Il précise encore : «Il a déçu beaucoup d'électeurs qui l'avaient suivi. Il a tenu nombre de ses promesses et remporté des succès internationaux, mais ces réalisations ne pèsent pas assez lourd par rapport à ces doutes grandissants.»
Et d'ajouter : «Il faudra à Barack Obama une puissante détermination, une solide organisation pour mobiliser les électeurs et sortir le grand jeu pour effectuer un second mandat».
Une idéologie dure
En complément de programme, Haine froide de Nicole Morgan. Dans ce texte de 264 pages publié au Seuil, le professeur de philosophie au Collège militaire royal du Canada à Kingston dénonce l'émergence du Tea Party.

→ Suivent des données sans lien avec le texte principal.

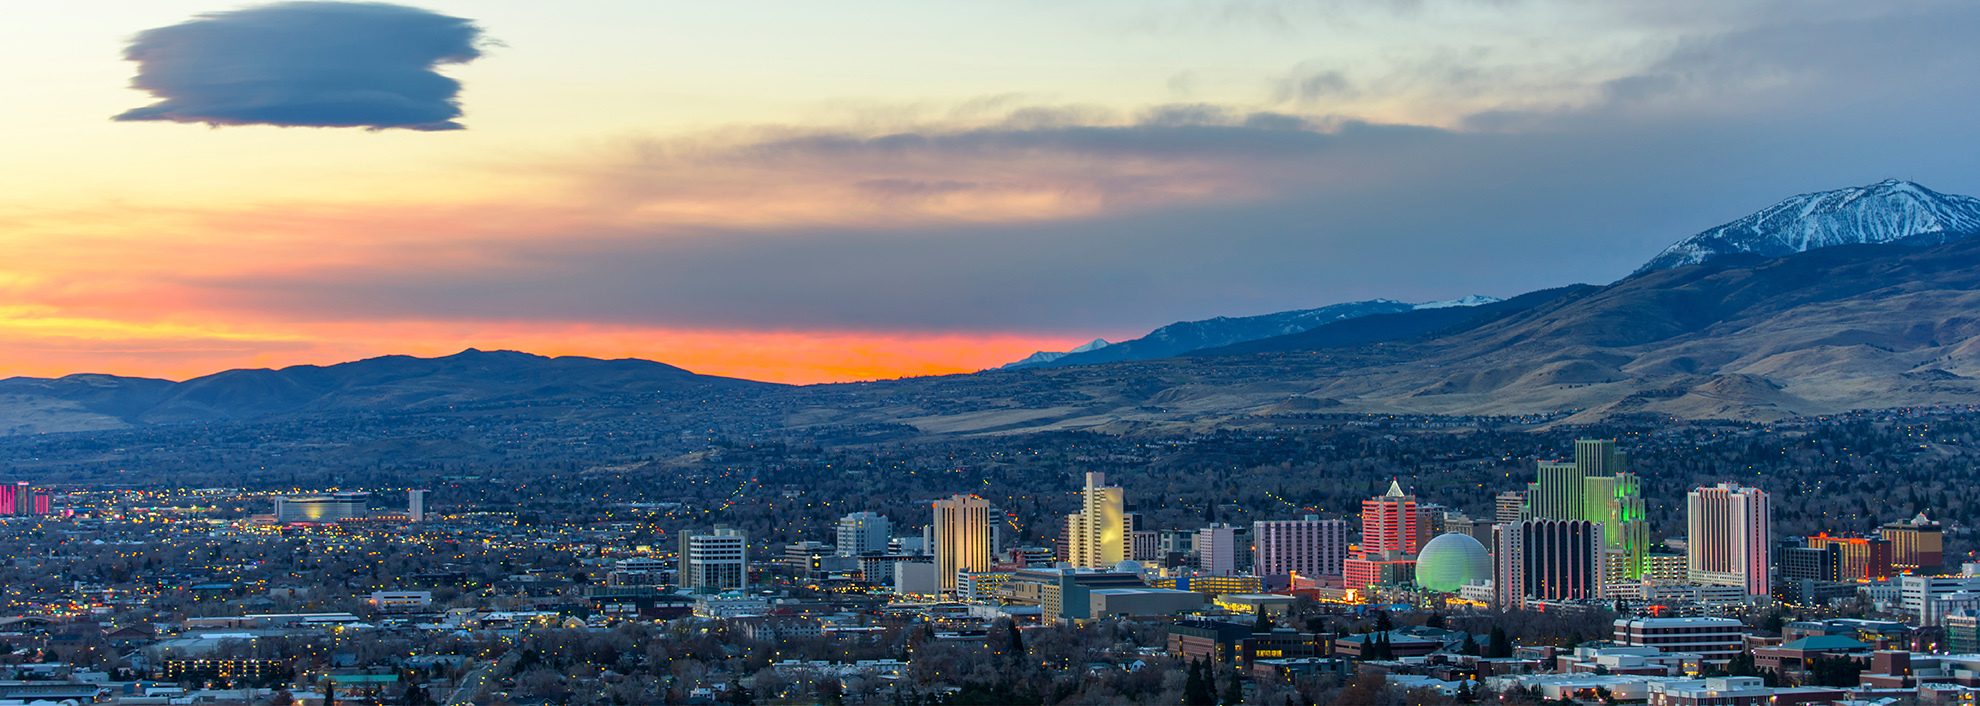 Dawn in Reno, Nevada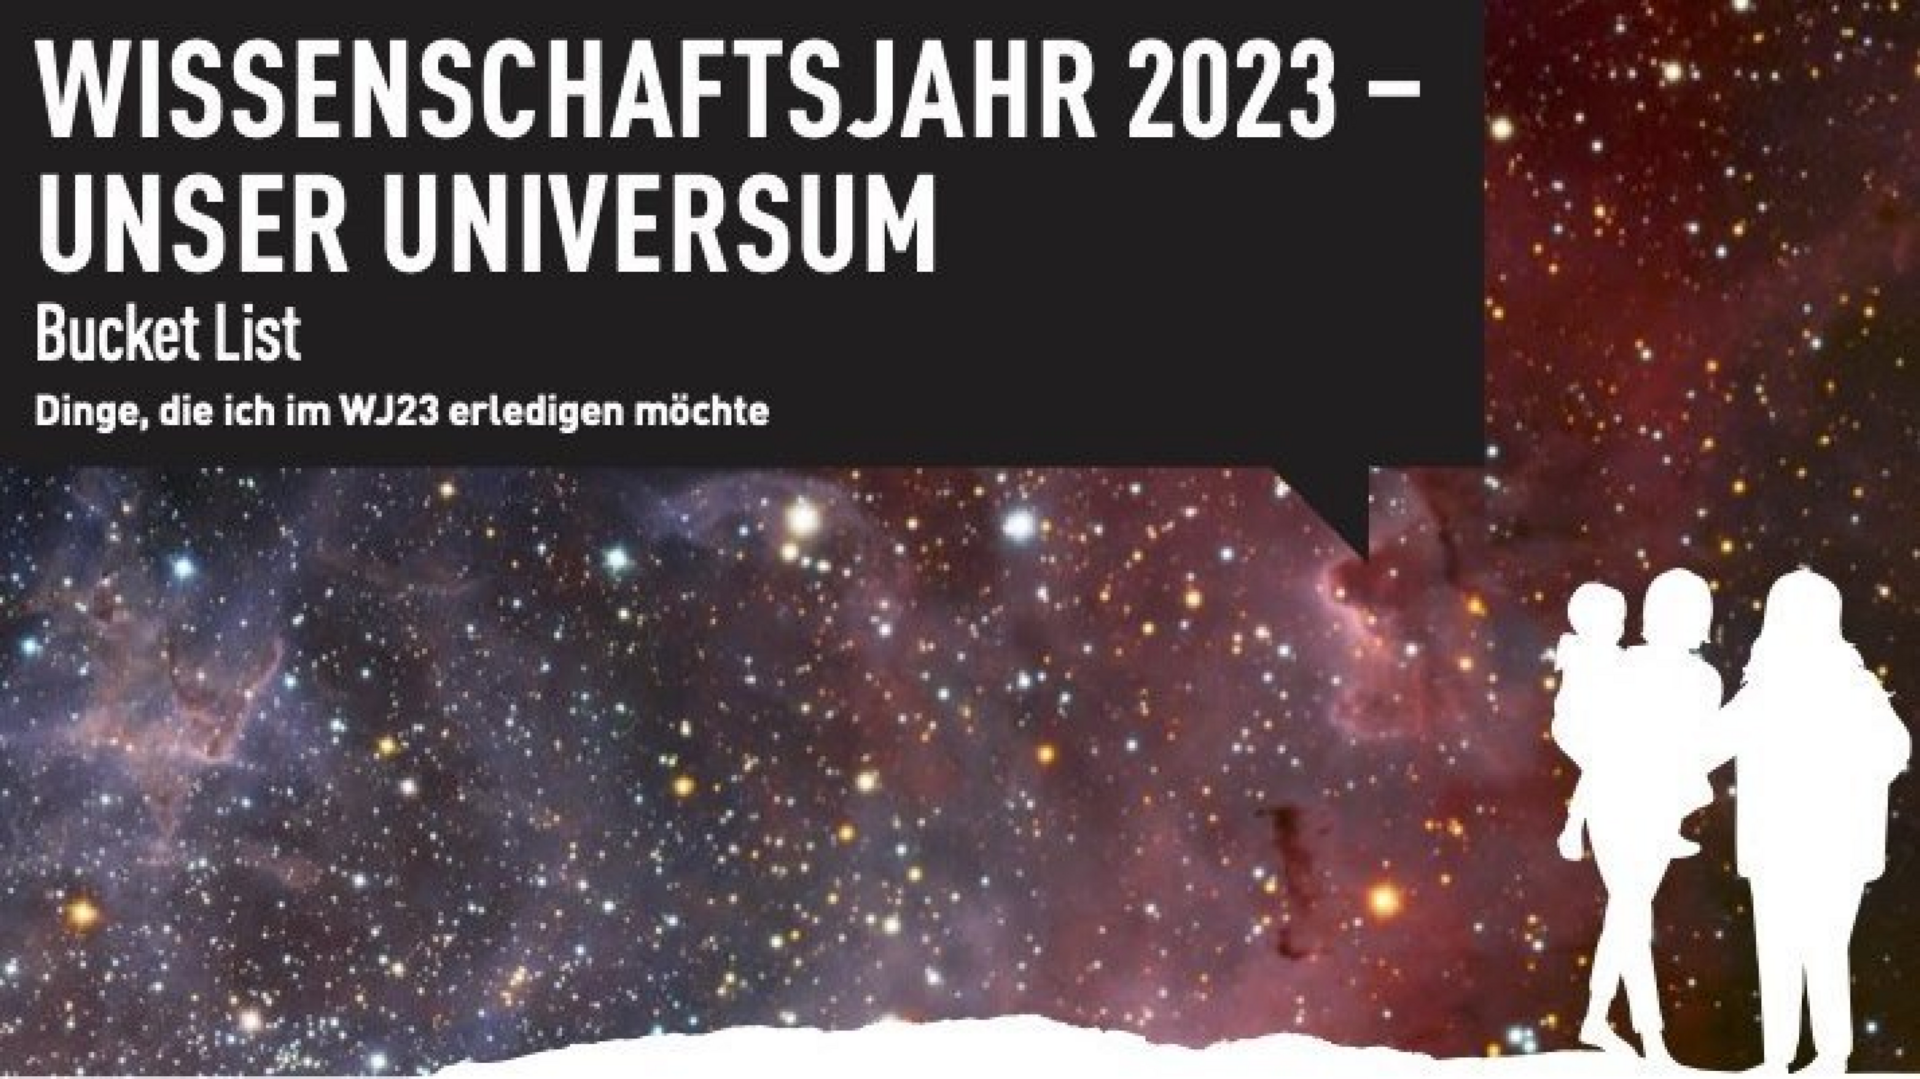 Schriftzug "Wissenschaftsjahr 2023 - Unser Universum: Bucket List" auf einem Weltraumhintergrund

À son point de vue, le Tea Party n'est pas un mouvement populiste où se côtoient intégristes religieux, athées agitant la Constitution américaine, jeunes sans emploi, retraités ruinés par la crise et nostalgiques d'une Amérique toute-puissante, mais un véritable mouvement révolutionnaire qui réclame un changement radical de pouvoir qu'il veut faire passer du secteur public au secteur privé :
«Comme les idéologies dures, elle véhicule des émotions fortes qui puisent dans l'inconscient collectif, haine et peur en tête, punitions à l'appui, intégrismes en sus. La haine la sous-tend, le chiffre l'aseptise, l'incompétence la qualifie.»